##### Materials provided #####

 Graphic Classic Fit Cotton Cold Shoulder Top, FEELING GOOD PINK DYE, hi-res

#####
##### Materials provided #####

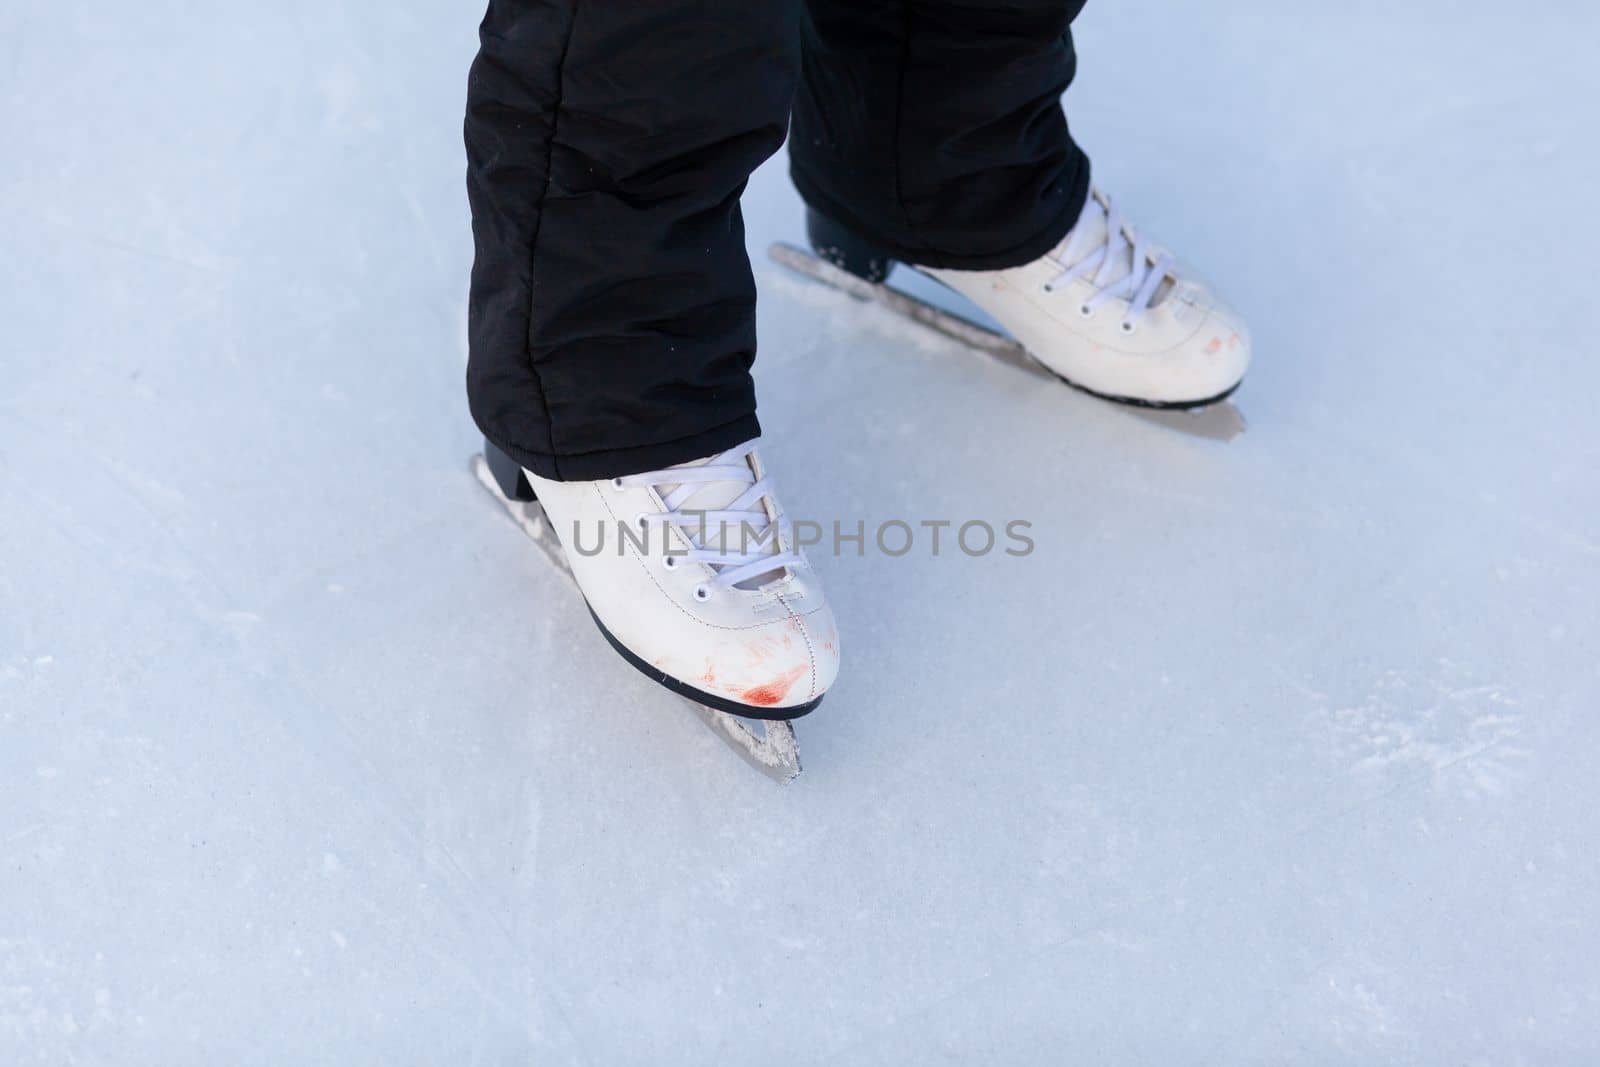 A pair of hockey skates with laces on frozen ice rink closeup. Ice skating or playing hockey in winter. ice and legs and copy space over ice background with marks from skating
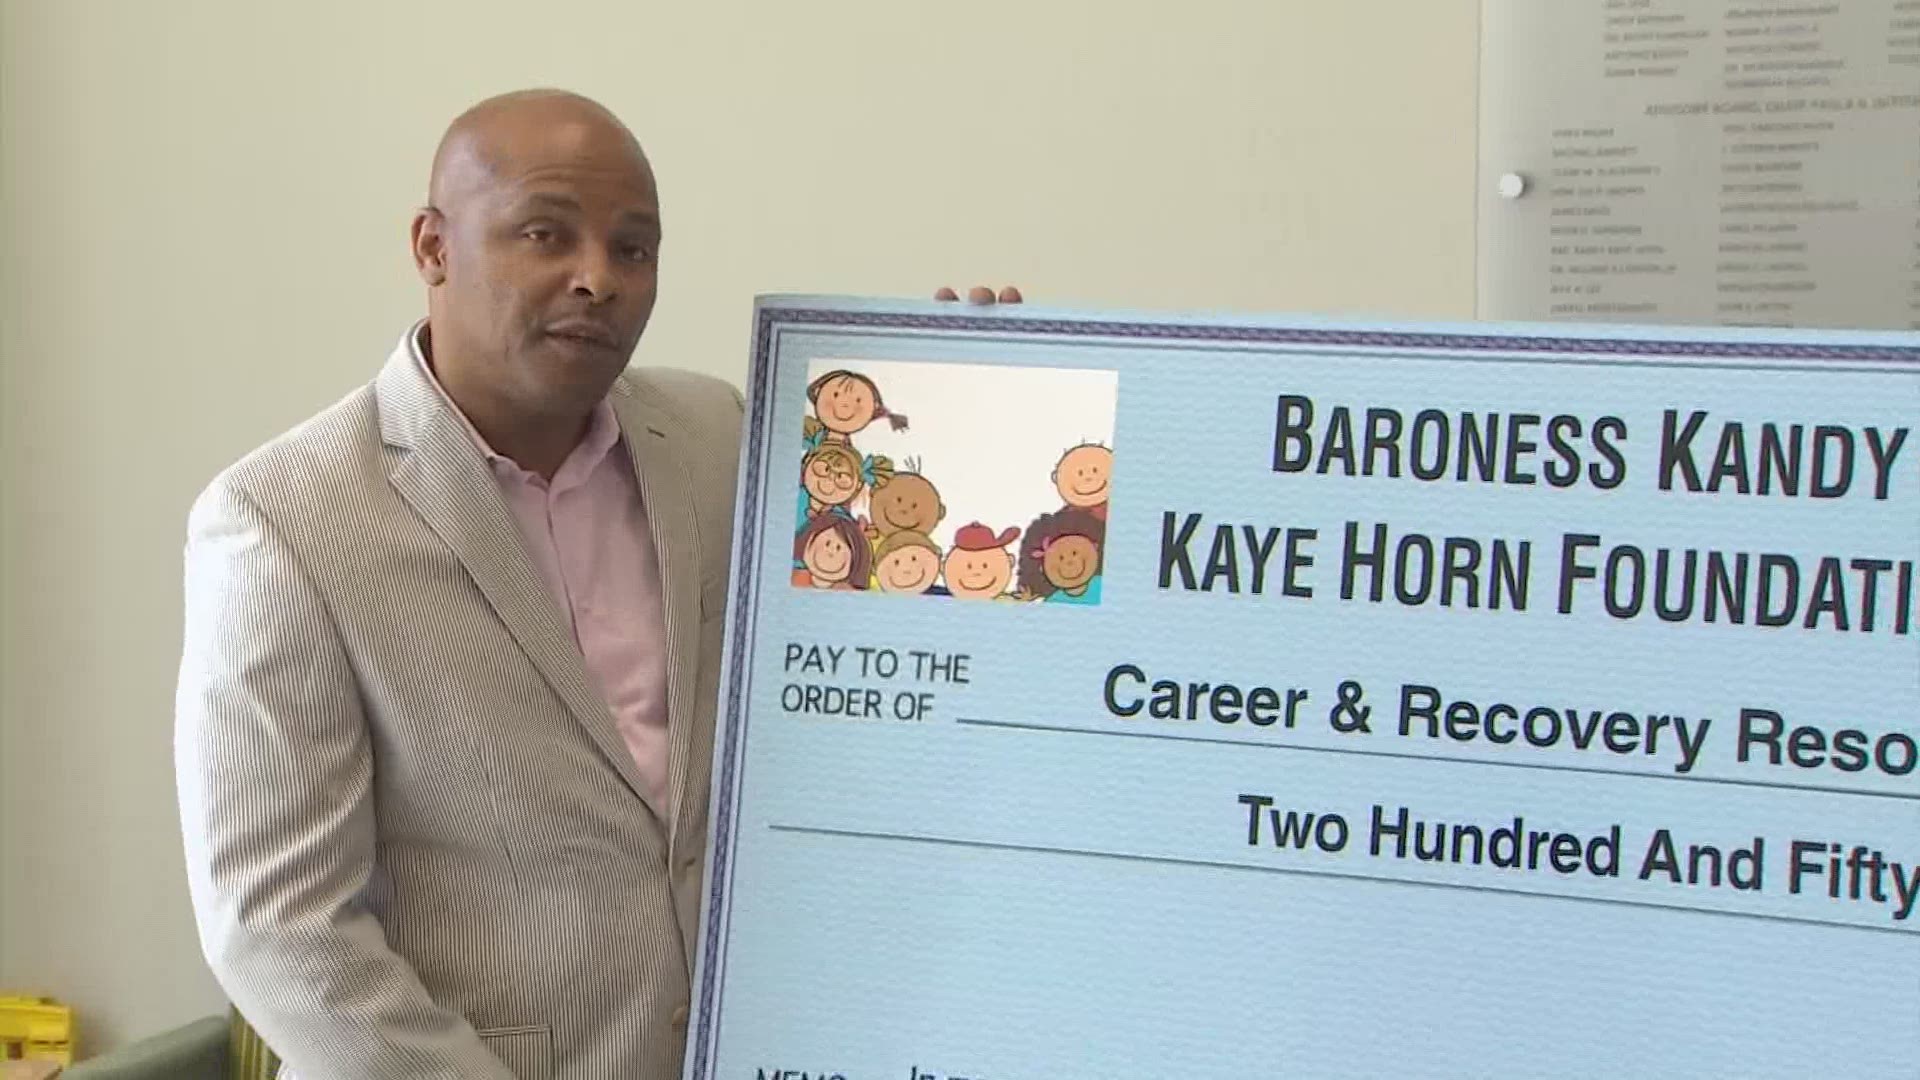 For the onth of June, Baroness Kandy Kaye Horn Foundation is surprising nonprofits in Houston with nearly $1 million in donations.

#####

**Task instructions:**
Using the data above, retype exactly the lines from the line with "A pair of hockey" to the line with "For the onth", inclusive. No pictures and nothing else.

**Output for this task:**
 A pair of hockey skates with laces on frozen ice rink closeup. Ice skating or playing hockey in winter. ice and legs and copy space over ice background with marks from skating
 For the onth of June, Baroness Kandy Kaye Horn Foundation is surprising nonprofits in Houston with nearly $1 million in donations.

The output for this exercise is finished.